Alongside a few new faces and professional directorial talent drafted in for this finale in the form of Anita Adams and Mike Gilroy, the cast of 19 features seven of the same members from that production. Among them, Beryl’s son Mark Bamforth plays Rod and his partner Jane Ellison-Bates reprises the role of Annie, the fictional character representing Angela Baker.

The coronavirus has challenged the Grassington production, as it has countless others.

Originally, rehearsals were underway for performance in May 2020. Eventually, with the show rescheduled for this September, rehearsals were only able to restart in July, with a few cast and crew adjustments due to changes in availability. Initially working on Zoom and then only permitted to meet in groups of just six, it was a challenging start.

Beryl Bamforth is confident that Grassington Players will do the musical justice, as they did the play, with a level of sincerity that comes from the closeness of the Players to the original girls.

“Many amateur drama groups don’t necessarily have singers and probably wouldn’t tackle this difficult show, but we are very fortunate that we do have singing talent in the company,” she said.

There is added poignancy and irony in that cancer has impacted on the production.

Cast member Paula Vickers, originally reprising a leading role, had to drop out of rehearsals early last year to undergo treatment for throat cancer. Happily, 18 months on she has recovered sufficiently to drop into the role of another of ‘the girls’.

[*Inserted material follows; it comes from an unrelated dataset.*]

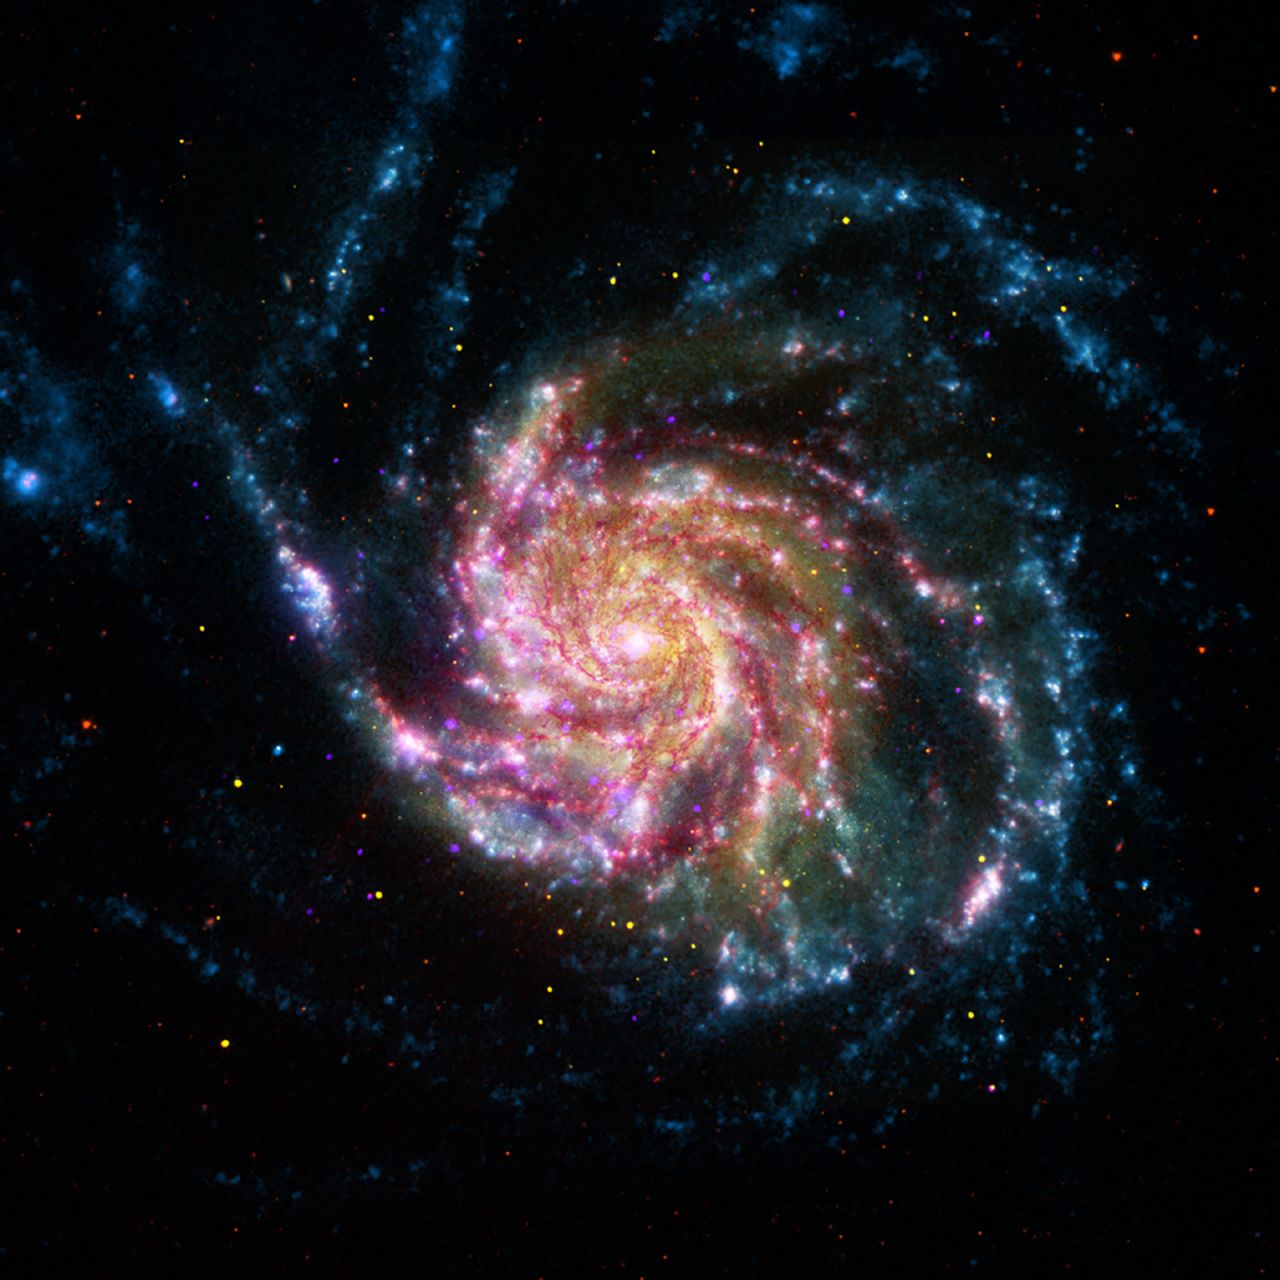 This image of the Pinwheel Galaxy combines data in the infrared, visible, ultraviolet and x-rays from four of NASA's space telescopes, revealing young and old stars.

Tragically, however, the original set designer Andrew Jackson died of lung cancer in March. The retired GP had also been John Baker’s doctor.

During rehearsals, cast member Lottie Cuerden (playing wayward teen, Jenny) lost her mother, Bev Cuerden; another Grassington Players member who had fought the disease for four years. 

Penny Hart-Woods, who plays the 'Helen Mirren' role in the production, recently underwent treatment for breast cancer, so to be baring all now is particularly brave. 

The cancer charity linked with the Calendar Girls has gone through almost as many iterations as the story; Leukaemia Research became Bloodwise and has recently evolved into Blood Cancer UK.

All ticket sale profits from the gala opening night will go to the charity, along with a percentage from the other performances and £1 on every bottle of the associated Liquid Yorkshire Gin sold.

The show is being sponsored by broadband supplier Boundless Networks.

Calendar Girls: The Musical will be staged at Grassington Devonshire Institute from September 25 to October 2.